时间序列预测是时间序列分析中最重要的任务之一。随着深度学习模型的快速发展,这一领域的研究工作显著增加。深度学习模型不仅在预测任务中表现出色,还在表示学习中展现了卓越的性能,通过提取抽象表示,这些模型可以迁移到分类和异常检测等下游任务中,达到最先进的性能。
在众多深度学习模型中,Transformer在自然语言处理(NLP)、计算机视觉(CV)、语音处理等应用领域取得了巨大成功。最近,Transformer也被成功应用于时间序列数据,其注意力机制可以自动学习序列元素之间的连接,因此非常适合顺序建模任务。尽管具有复杂设计的Transformer模型在时间序列预测中取得了显著成果(如Informer、Autoformer和FEDformer),但最近的研究表明,简单的线性模型在多种常见基准测试中可以超越之前所有的Transformer模型,这对Transformer在时间序列预测中的有效性提出了质疑。
本文提出了一种高效的Transformer
模型设计,旨在解决多变量时间序列预测和自监督表示学习问题。该模型由两个关键组件构成:
(i) 将时间序列分割成子序列级别的patch,并作为输入token传递给Transformer;
(ii) 通道独立性,每个通道包含单一的单变量时间序列,并在所有序列中共享相同的嵌入和Transformer权重。patching设计自然具有三重好处:保留嵌入中的局部语义信息;在相同的回溯窗口下,注意力图的计算和内存使用量成平方降低;模型可以关注更长的历史数据。
我们的通道独立patch时间序列Transformer(PatchTST)与现有的最先进的Transformer模型相比,显著提高了长期预测的准确性。此外,我们还将该模型应用于自监督预训练任务,并在微调性能上取得了优异表现,超越了在大型数据集上的监督训练。将一个数据集上的掩码预训练表示迁移到其他数据集上也产生了最先进的预测准确性。
关键设计:
🌟 补丁:将时间序列分割成子系列级别的补丁,这些补丁作为 Transformer
的输入token。
🌟 通道独立性:每个通道都包含一个单变量时间序列,该时间序列在所有序列中共享相同的嵌入和 Transformer 权重。
本项目使用MindTorch
将PyTorch训练脚本高效迁移至MindSpore框架执行。
MindTorch介绍:
目的是在不改变原有PyTorch用户的使用习惯情况下,使得PyTorch代码能在昇腾上获得高效性能。
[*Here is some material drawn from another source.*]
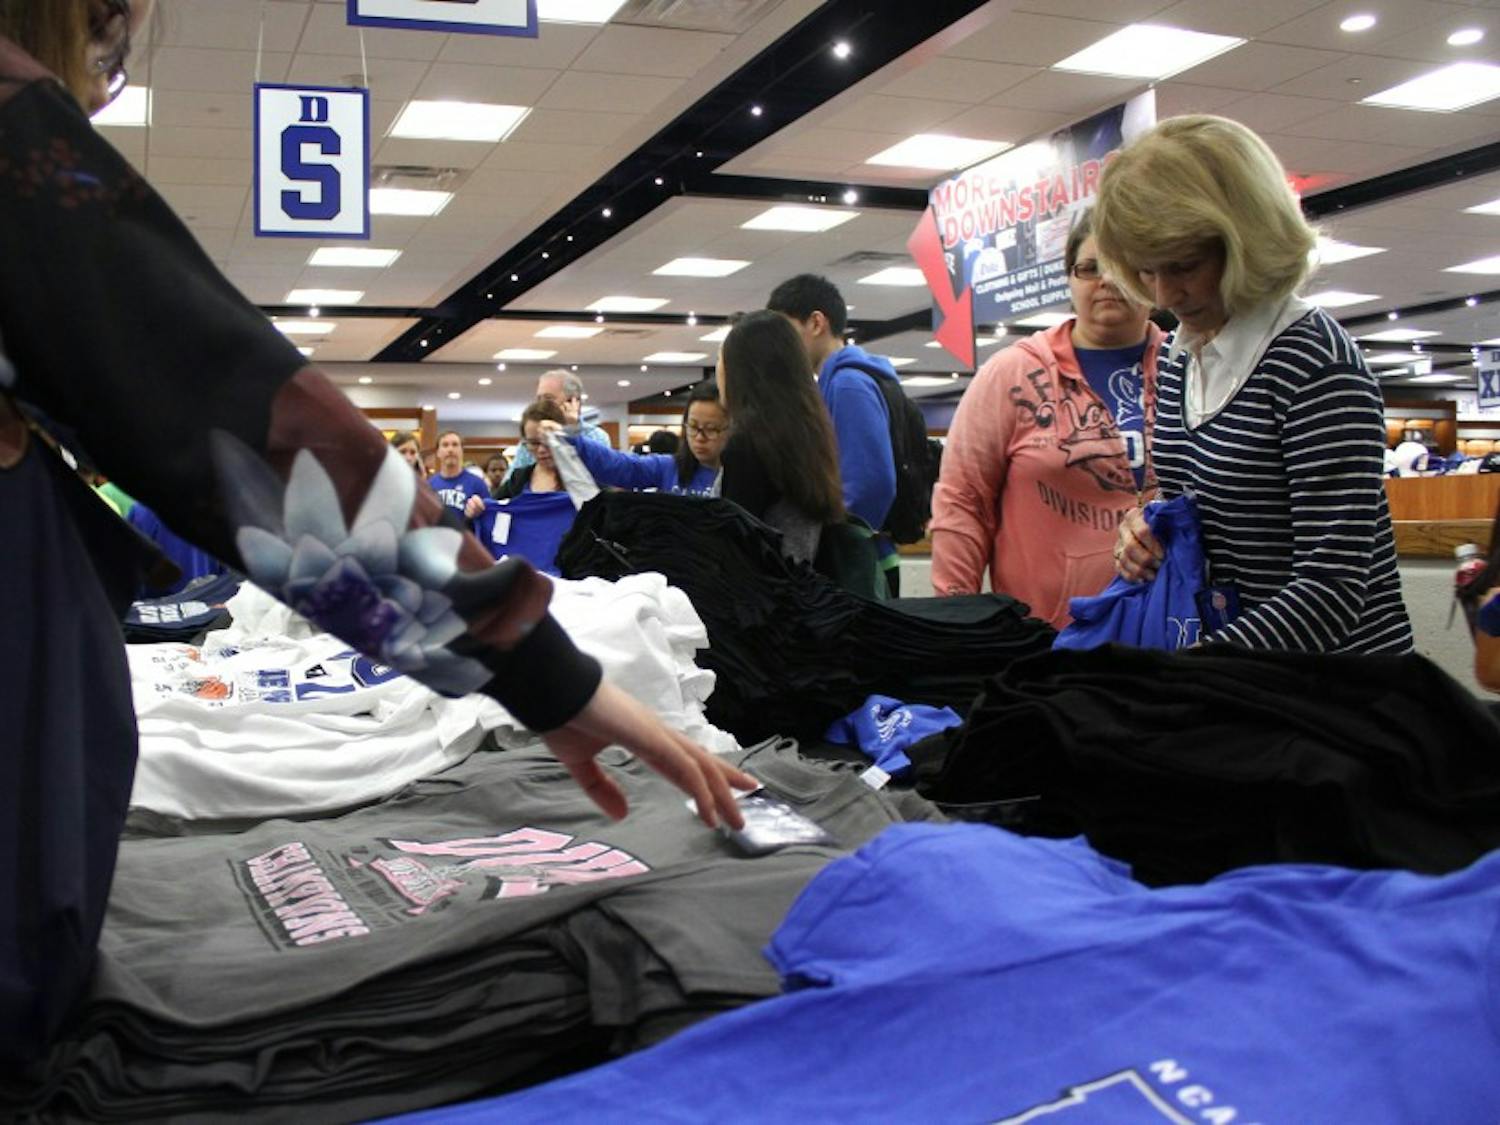 After Monday night's win, students and visitors poured into the University Store Tuesday to buy championship apparel.

- PyTorch接口支持: MindTorch目前支持大部分PyTorch常用接口适配。用户接口使用方式不变,基于MindSpore动态图或静态图模式下执行在昇腾算力平台上。可以在torch接口支持列表中查看接口支持情况。
- TorchVision接口支持: MindTorch TorchVision是迁移自PyTorch官方实现的计算机视觉工具库,延用PyTorch官方API设计与使用习惯,内部计算调用MindSpore算子,实现与torchvision原始库同等功能。可以在TorchVision接口支持列表中查看接口支持情况。
版本:2.3.0-rc2
硬件平台:Ascend
操作系统:Linux-x86_64
Python版本:Python 3.9
安装方式:
Pip
pip install https://ms-release.obs.cn-north-4.myhuaweicloud.com/2.3.0rc2/MindSpore/unified/x86_64/mindspore-2.3.0rc2-cp39-cp39-linux_x86_64.whl --trusted-host ms-release.obs.cn-north-4.myhuaweicloud.com -i https://pypi.tuna.tsinghua.edu.cn/simple
conda
conda install mindspore=2.3.0rc2 -c mindspore -c conda-forge
验证是否安装成功:
python -c "import mindspore;mindspore.set_context(device_target='Ascend');mindspore.run_check()"
如果输出:
MindSpore version: 版本号
The result of multiplication calculation is correct, MindSpore has been installed on platform [Ascend] successfully!
说明MindSpore安装成功了。
升级MindSpore版本
从MindSpore 1.x升级到MindSpore 2.x版本时,需要先手动卸载旧版本:
conda remove mindspore-ascend
# 然后安装新版本:
conda install mindspore -c mindspore -c conda-forge
#从MindSpore 2.x版本升级时,执行如下命令:
conda update mindspore -c mindspore -c conda-forge
# 注意:升级MindSpore Ascend版本conda安装包后请重新安装昇腾AI处理器配套软件包提供的whl包。首先卸载旧版本:
pip uninstall te topi hccl -y
# 然后重新安装:
pip install /usr/local/Ascend/ascend-toolkit/latest/lib64/te-*-py3-none-any.whl
pip install /usr/local/Ascend/ascend-toolkit/latest/lib64/hccl-*-py3-none-any.whl
其他可参考:MindSpore官网
- 通过pip安装
# (MindSpore版本 >= 2.2.1)
pip install mindtorch
# (MindSpore版本 == 2.0.0)
pip install msadapter
- 通过源码安装
git clone https://git.openi.org.cn/OpenI/MSAdapter.git
cd MSAdapter
python setup.py install
如果出现权限不足的提示,请按照如下方式安装:
python setup.py install --user || exit 1
使用MindTorch迁移PyTorch网络前,第一步是替换导入模块路径。
方法一:一行代码自动替换
在PyTorch源代码主入口调用torch
系列相关的包导入部分之前调用from mindtorch.tools import mstorch_enable
,代码执行时torch同名的导入模块会自动被转换为mindtorch相应的模块。
如本项目的主入口程序是:run_longExp.py
,那么在文件最开头加入以下代码:
from mindtorch.tools import mstorch_enable # 需要在主入口文件导入torch相关模块的前面使用
方法二:工具手动预先替换
替换代码中导入torch
相关包的代码,可以利用mindtorch/tools下提供的replace_import_package工具可快速完成工程代码中torch及torchvision相关导入包的替换。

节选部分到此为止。